Ravey was raised in Cupertino and can't remember wanting to be anything else but a pilot. By the age of 16, he started learning to fly at the Palo Alto airport, and within a year he had his pilot's license. After graduating from Monta Vista, he attended the University of California at Berkeley, where he joined the Reserve Officers Training Corps and earned a degree in political science.

Ravey said he joined the Marines because "I've always had a love of flying and I've always been really interested in traveling overseas. I was really motivated, mainly by the stories my grandfather told. If I'm going to be totally honest, I was like a lot of young men and women that want some adventure in their lives, but you've got to be careful what you wish for sometimes."

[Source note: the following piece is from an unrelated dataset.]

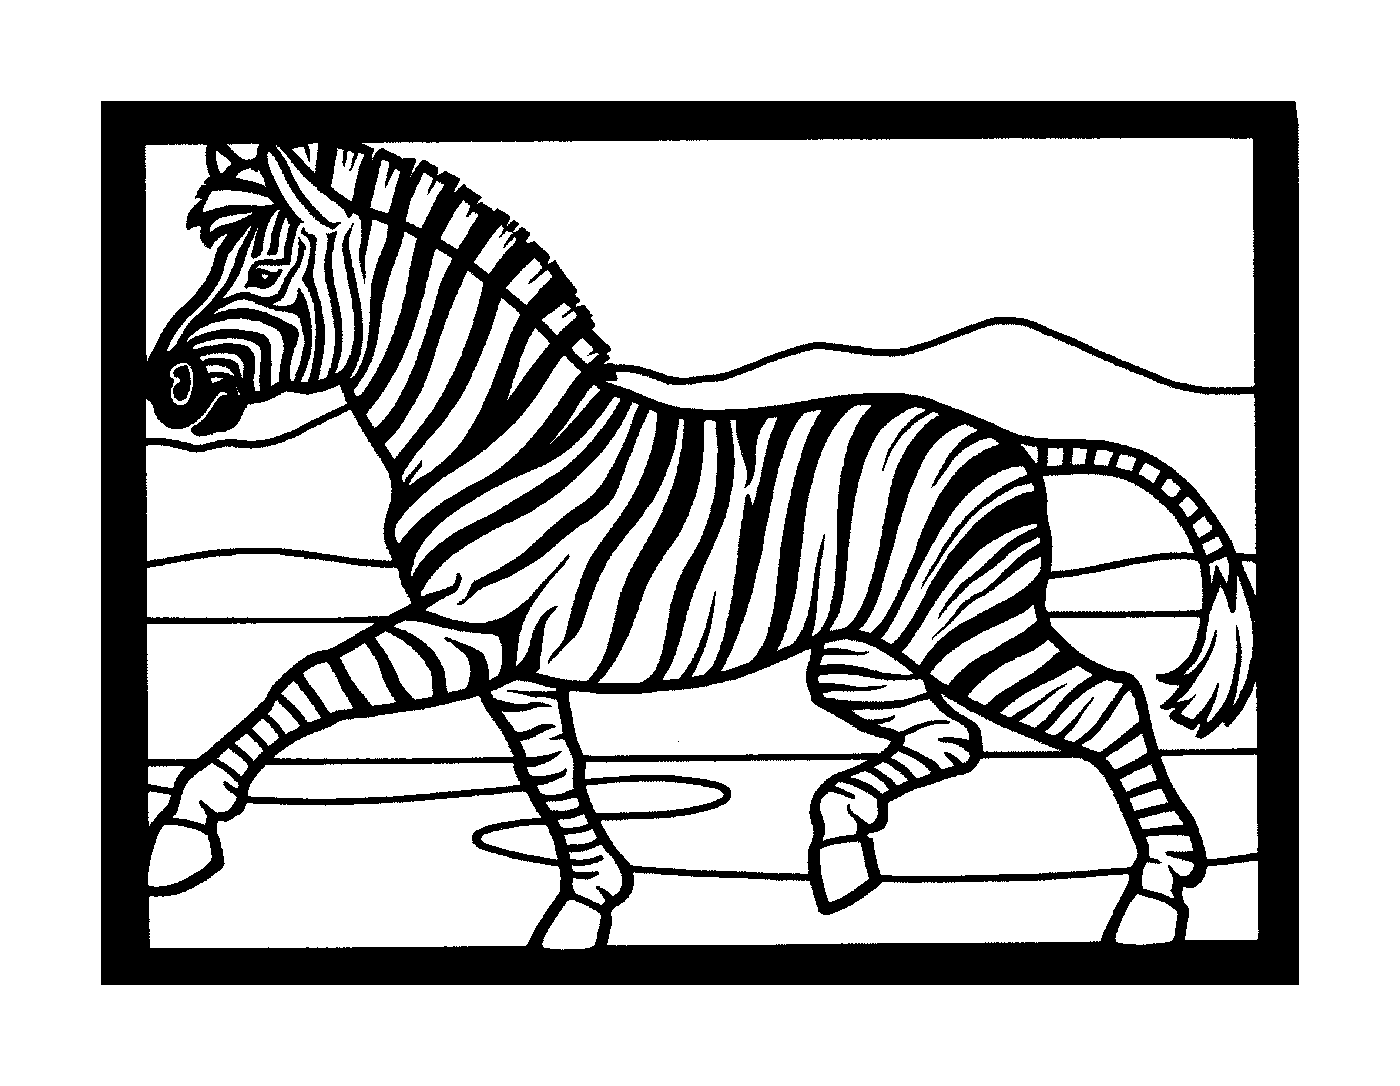  Schnelle Zebra in der Mitte des Rennens

As an F-18 Hornet aircraft carrier pilot, Ravey and his squadron aboard the carrier USS Constellation flew the bulk of naval night bombing attacks during Operation Iraqi Freedom in March 2003. In his two deployments to Iraq he flew more than 50 combat missions. In the past three years, he's spent 27 months at sea.

"I joined the Marine Corps because it was the hardest one, and I've stayed in the Marine Corps because it remains a challenge for me every day," he said. "It's not a job at this point; it's a way of life."

Monta Vista principal April Scott taught Ravey in high school and remembers seeing this passion even in his youth. "I honestly don't think I have ever had a student who was clearer in focus and with personal goals than Guy," she said.

Today, Ravey lives in Virginia with his wife, Navy Lt. Mihae Ravey, and teaches flight school. In nine years of marriage, they have spent fewer than three years in the same house, but for Ravey's next three years, between tours of duty, they will be together. Ravey is uncertain whether he will be called to go back to Iraq, but he says if duty calls, he will go.

Ravey is also already thinking about trying to publish the rest of his emails and written pieces. But for now he is encouraging others to read Operation Homecoming.